Doing More with Less: Automated, High-Quality Content Generation

How do you continue to deliver amazing results with limited time and resources?

Writing quality content that educates and persuades is still a surefire way to achieve your traffic and conversion goals.

But the process is an arduous, manual job that doesn’t scale.

Fortunately, the latest advances in Natural Language Understanding and Generation offer some promising and exciting results.

For his SEJ eSummit session, Hamlet Batista discussed what is possible right now using practical examples (and code) that technical SEO professionals can follow and adapt for their business.

Here’s a recap of his presentation.

Autocomplete Suggestions

How many times have you encountered this?

You start typing on Gmail and Google automatically completes the whole part and it’s super accurate.

You know, it’s really fascinating, but at the same time, it can be really scary.

You might already be using AI technology in your work without you even realizing it.

If you’re using Google Docs’ Smart compose feature, Gmail, or even Microsoft Word and Outlook, you’re already leveraging this technology.

This is part of your day as a marketer when you’re communicating with clients.

The great thing is this technology is not only accessible to Google.

Check out the Write With Transformer website, start typing, and hit the tab key for full sentence ideas.

Batista demonstrated how after plugging in the title and a sentence from a recent SEJ article, the machine can start generating lines – you just need to hit the autocomplete command.

All of the highlighted text above was completely generated by a computer.

The cool thing about this is that the technology that makes this possible is freely available and accessible to anybody who wants to use it.

Intent-Based Searches

One of the shifts we’re seeing right now in SEO is the transition to intent-based searches.

As Mindy Weinstein puts it in her article, How to Go Deeper with Keyword Research:

“We are in the era where intent-based searches are more important to us than pure volume.”

“You should take the extra step to learn the questions customers are asking and how they describe their problems.”

“Go from keywords to questions”

This change brings about an opportunity for us when we’re writing content.

The Opportunity

Search engines are answering engines these days.

And one effective way to write original, and popular content is to answer your target audience’s most important questions.

Take a look at this example for the query “python for seo”.

The first result shows we can leverage content that answers questions, in this case using FAQ schema.

FAQ search snippets take more real estate in the SERPs.

However, doing this manually for every piece of content you’re going to create can be expensive and time-consuming.

But what if we can automate it by leveraging AI and existing content assets?

Leveraging Existing Knowledge

Most established businesses already have valuable, proprietary knowledge bases that they have developed over time just by normal interactions with customers.

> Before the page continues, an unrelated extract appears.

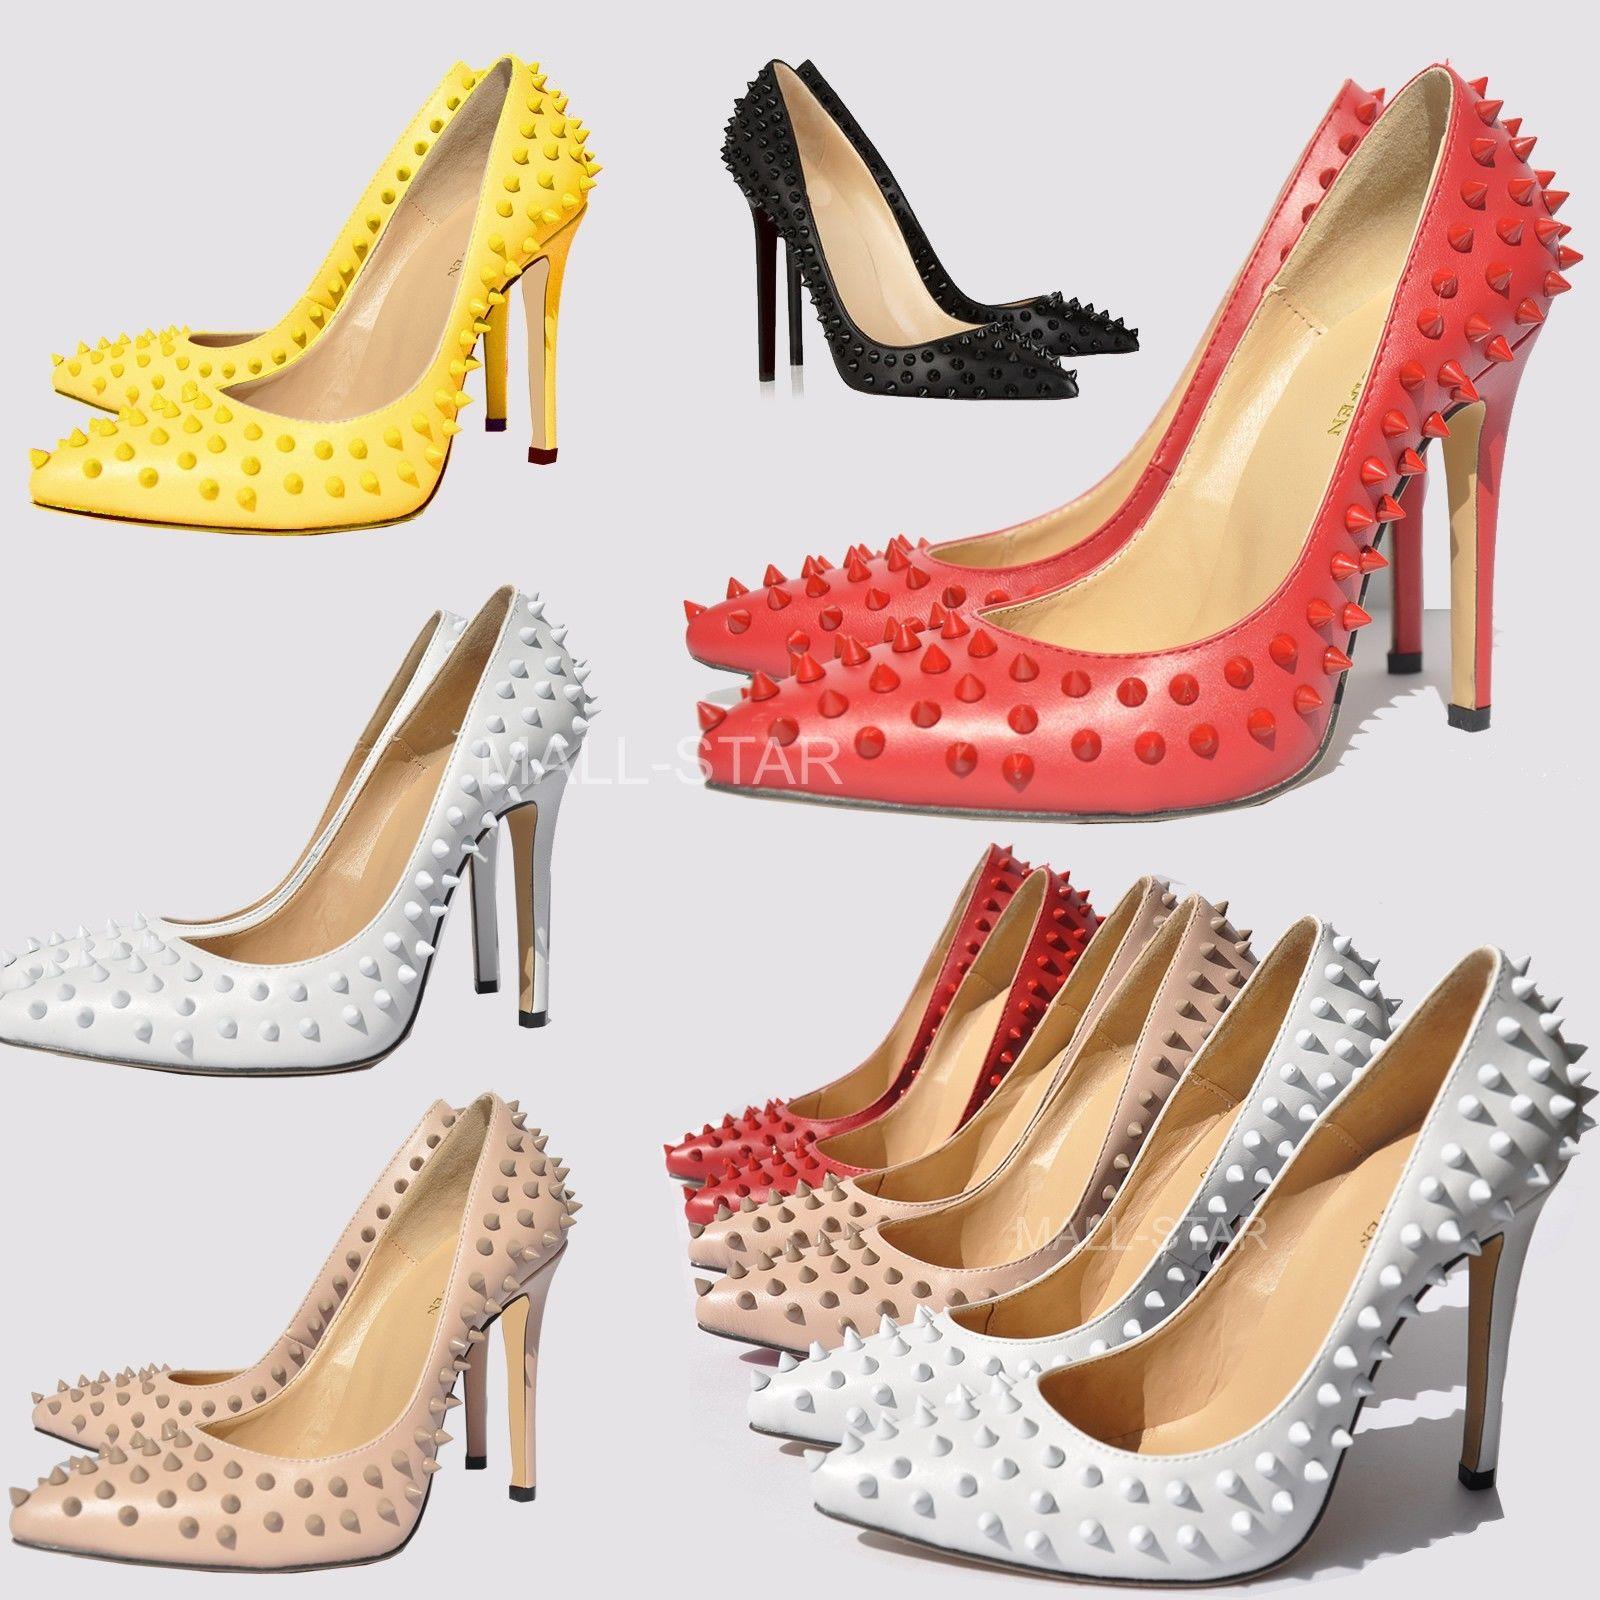 High Heel Pointed Corset Style Work Pumps Court Shoes Rivets Studs Matt US T302 | eBay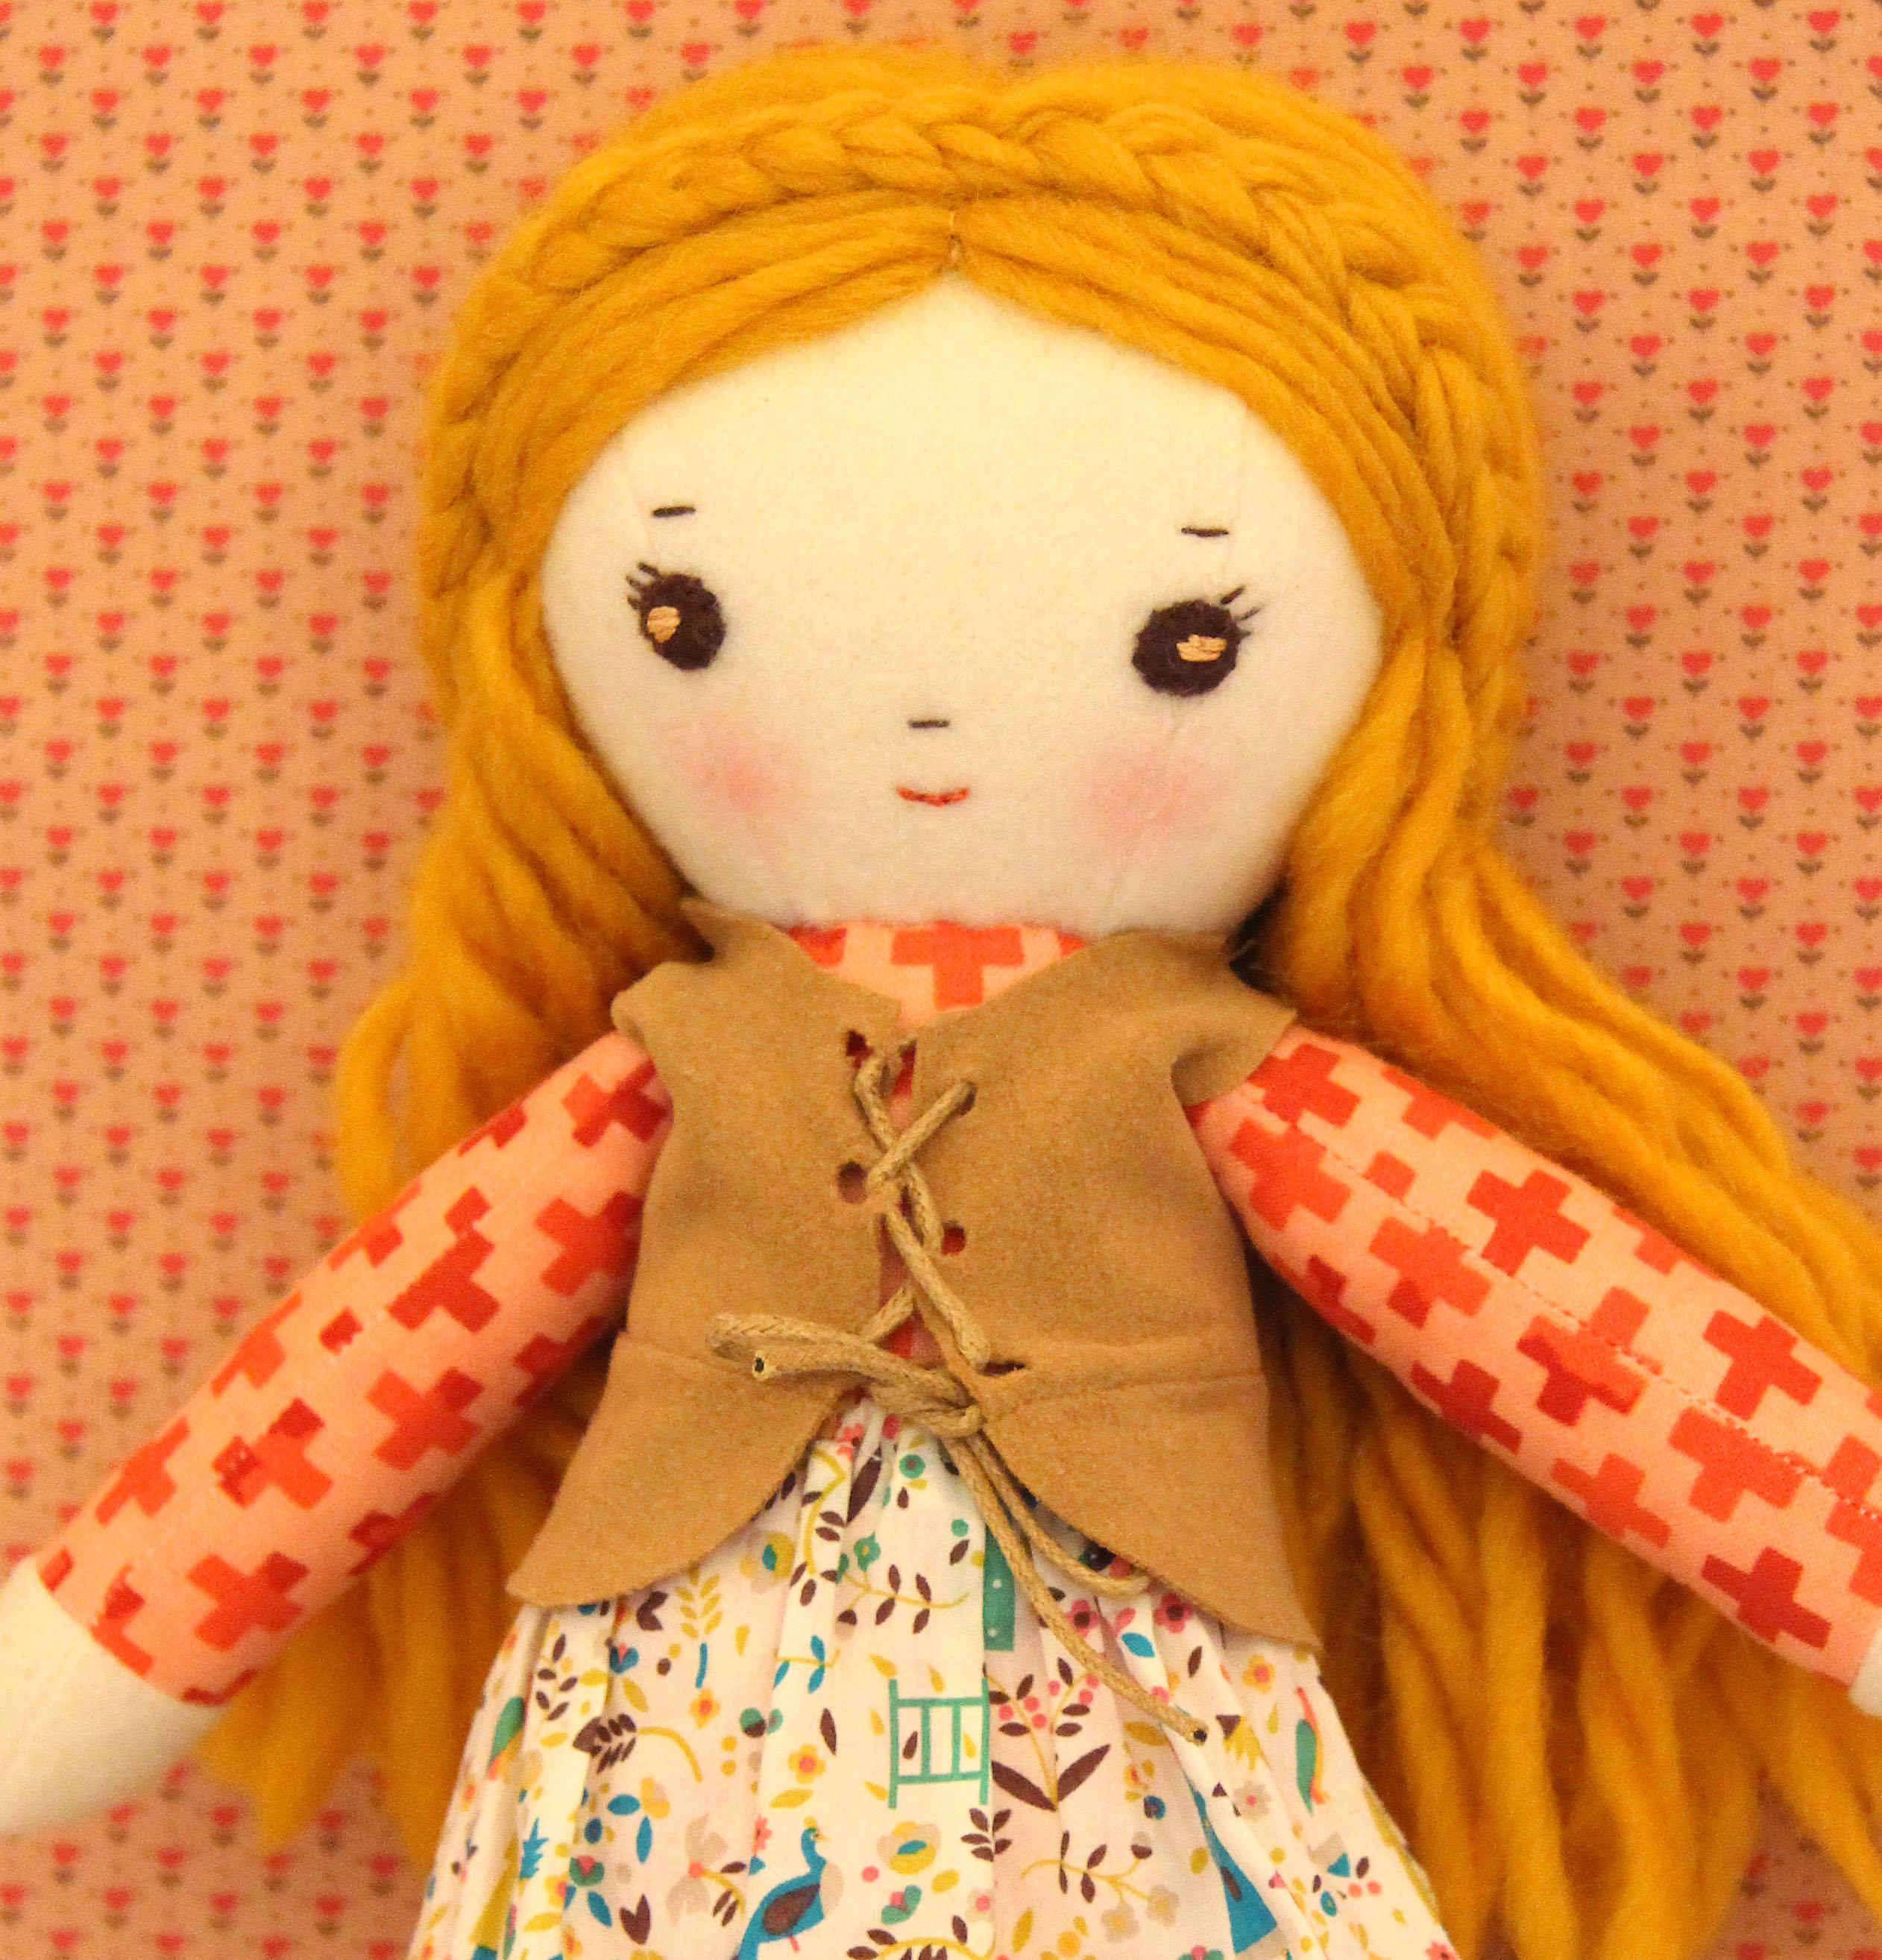 Elsa doll sewing pattern

Many times these are not yet publicly available (support emails, chats, internal wikis).

Open Source AI + Proprietary Knowledge

Through a technique called “Transfer Learning”, we can produce original, quality content by combining proprietary knowledge bases and public deep learning models and datasets.

There are differences between traditional machine learning (ML) and deep learning, .

In traditional ML, you’re primarily doing classifications and leveraging existing knowledge to come up with the predictions.

Now with deep learning, you’re able to tap into common sense knowledge that has been built over time by big companies like Google, Facebook, Microsoft, and others.

During the session, Batista demonstrated how this can be done.

How to Automate Content Generation

Below are the steps to take when reviewing automated question and answer generation approaches.

  • Source popular questions using online tools.
  • Answer them using two NLG approaches:
    • A span search approach.
    • A “closed book” approach.
  • Add FAQ schema and validate using the SDTT.

Sourcing Popular Questions

Finding popular questions based on your keywords is not a big challenge since there are free tools you can use to do this.

Answer the Public

Simply type a keyword and you can get plenty of questions that users are asking.

Question Analyzer by BuzzSumo

They aggregate information from forums and other places. You can also find more long-tail type of questions.

This tool scrapes the People Also Ask questions from Google.

Question & Answering System

The Algorithm

Papers With Codes is a great source of leading-edge research about Question Answering.

It allows you to freely tap into the latest research that is being published.

Academics and researchers post their research so they can get feedback from their peers.

They’re always challenging each other to come up with a better system.

What’s more interesting is that even people like us can access the code that we’re going to need to answer the questions.

For this task, we’re going to use T5, or Text-to-Text Transfer Transformer.

The Dataset

We also need the training data that the system is going to use to learn to answer questions.

The Stanford Question Answering Dataset 2.0 (SQuAD 2.0) is the most popular reading comprehension dataset.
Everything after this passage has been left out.